Artificial neural networks often fail under out-of-distribution (OOD) conditions—such as unfamiliar terrain or limb damage—due to poor generalization and weight divergence in conventional learning rules. Method: This paper proposes a biologically inspired plastic neural network with dynamic weight normalization, integrating local Hebbian synaptic plasticity, principal-component-based weight analysis, and an end-to-end locomotion control architecture to stabilize learning and prevent unbounded weight growth. Contribution/Results: To our knowledge, this is the first work to achieve zero-shot sim-to-real transfer and OOD robust generalization on high-dimensional legged robots—a 18-DOF dung-beetle–inspired platform and a 16-DOF gecko-inspired robot—without online fine-tuning. The method autonomously adapts to unseen challenging conditions, including uneven terrain and joint failures. Experiments demonstrate significant improvements in policy robustness and environmental generalization over baseline approaches, establishing a novel paradigm for autonomous, adaptive locomotion in open, dynamic environments.

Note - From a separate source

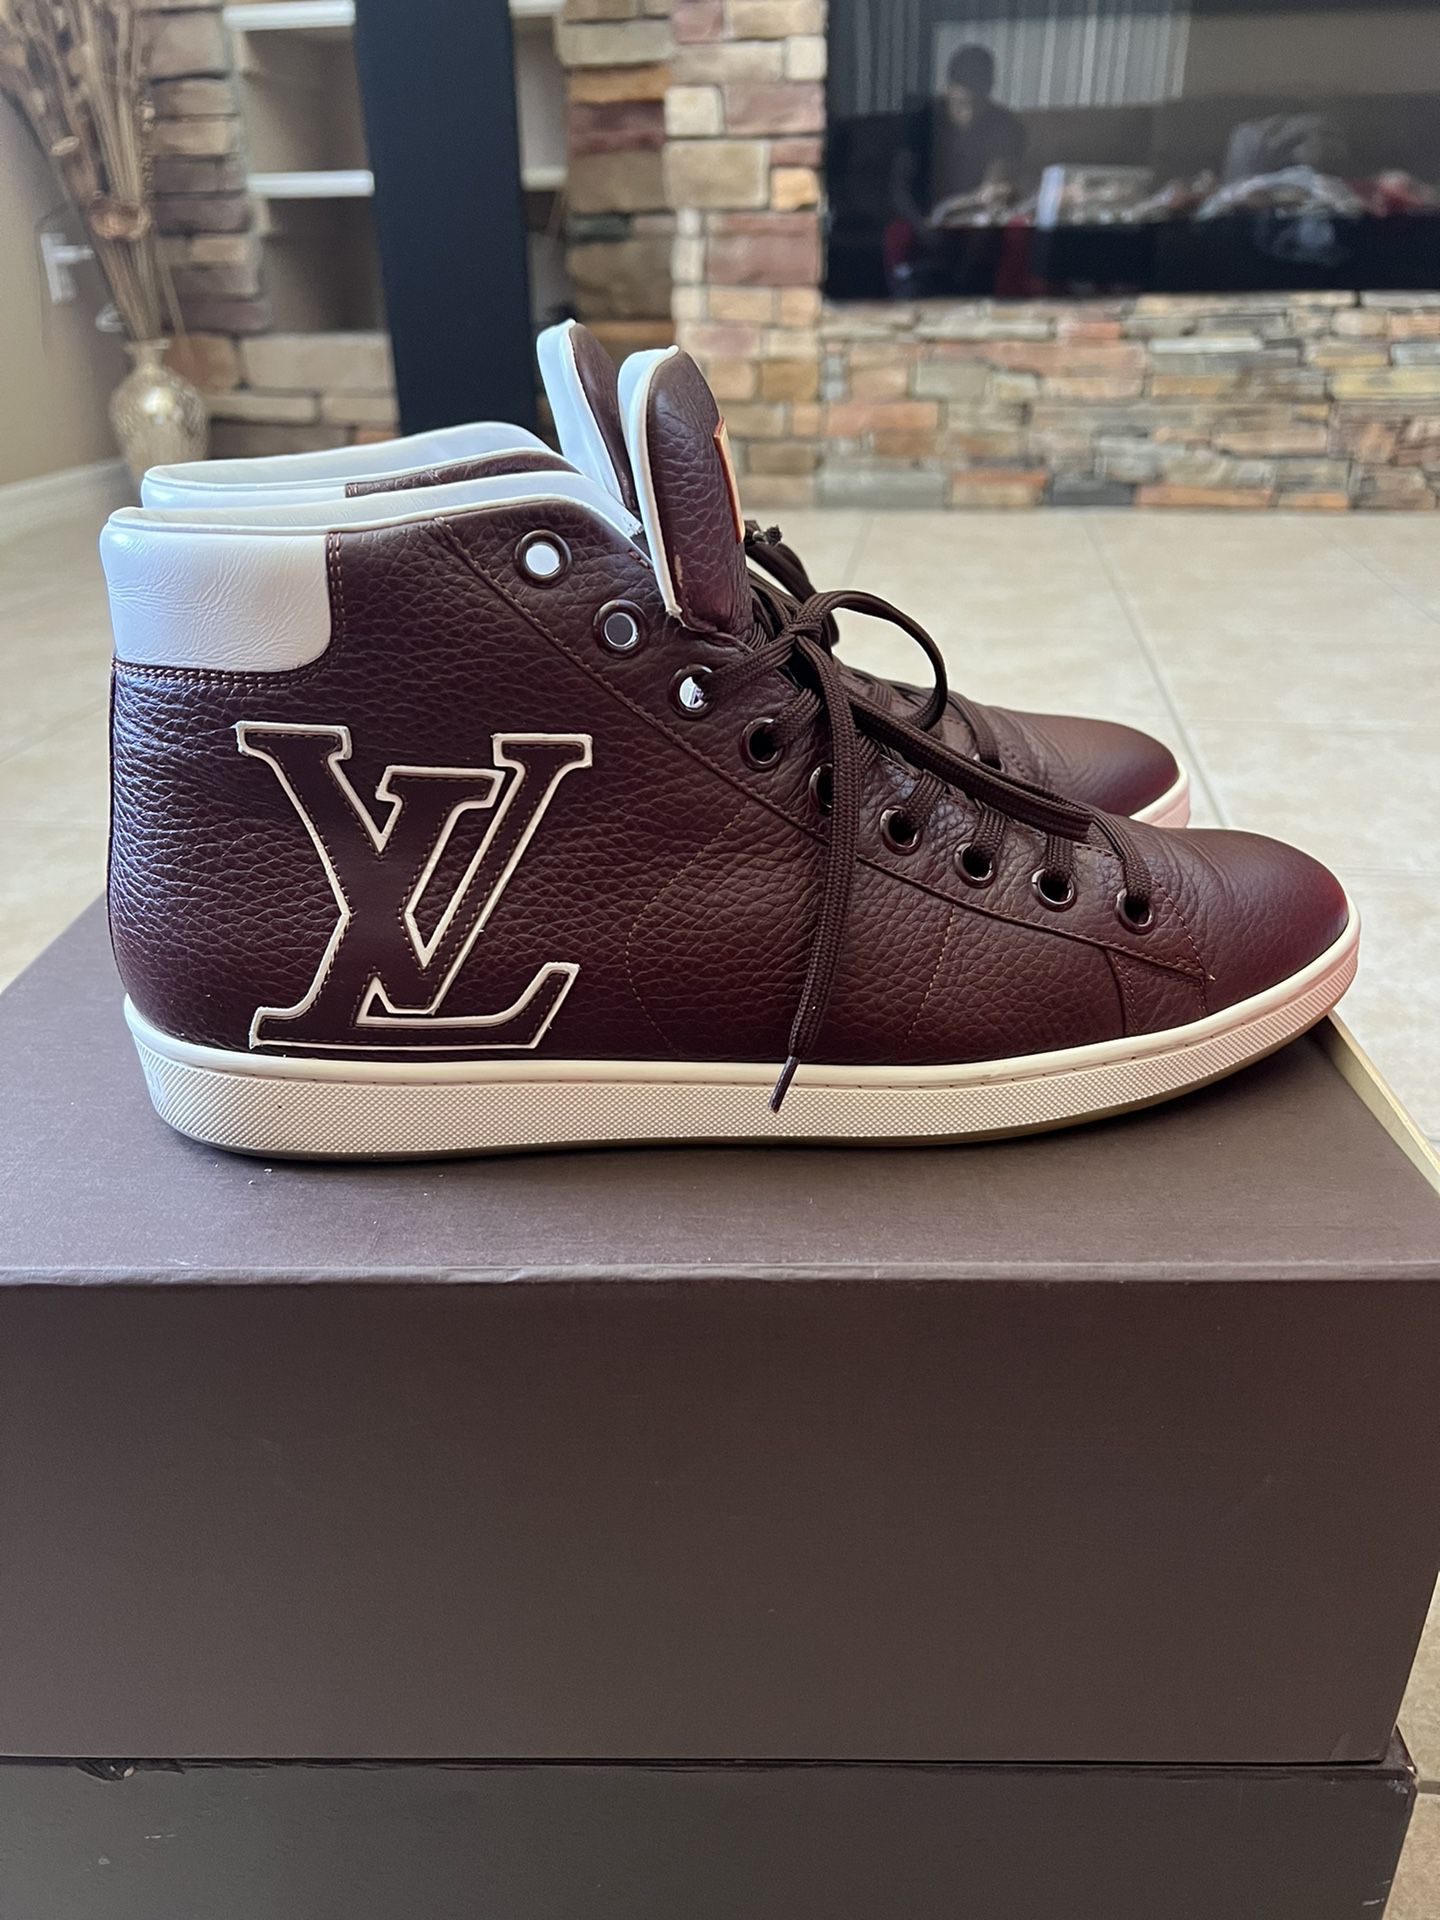 LV Sneakers Mens Size 11 US for Sale in Kissimmee, FL - OfferUp

Artificial neural networks can be used to solve a variety of robotic tasks. However, they risk failing catastrophically when faced with out-of-distribution (OOD) situations. Several approaches have employed a type of synaptic plasticity known as Hebbian learning that can dynamically adjust weights based on local neural activities. Research has shown that synaptic plasticity can make policies more robust and help them adapt to unforeseen changes in the environment. However, networks augmented with Hebbian learning can lead to weight divergence, resulting in network instability. Furthermore, such Hebbian networks have not yet been applied to solve legged locomotion in complex real robots with many degrees of freedom. In this work, we improve the Hebbian network with a weight normalization mechanism for preventing weight divergence, analyze the principal components of the Hebbian's weights, and perform a thorough evaluation of network performance in locomotion control for real 18-DOF dung beetle-like and 16-DOF gecko-like robots. We find that the Hebbian-based plastic network can execute zero-shot sim-to-real adaptation locomotion and generalize to unseen conditions, such as uneven terrain and morphological damage.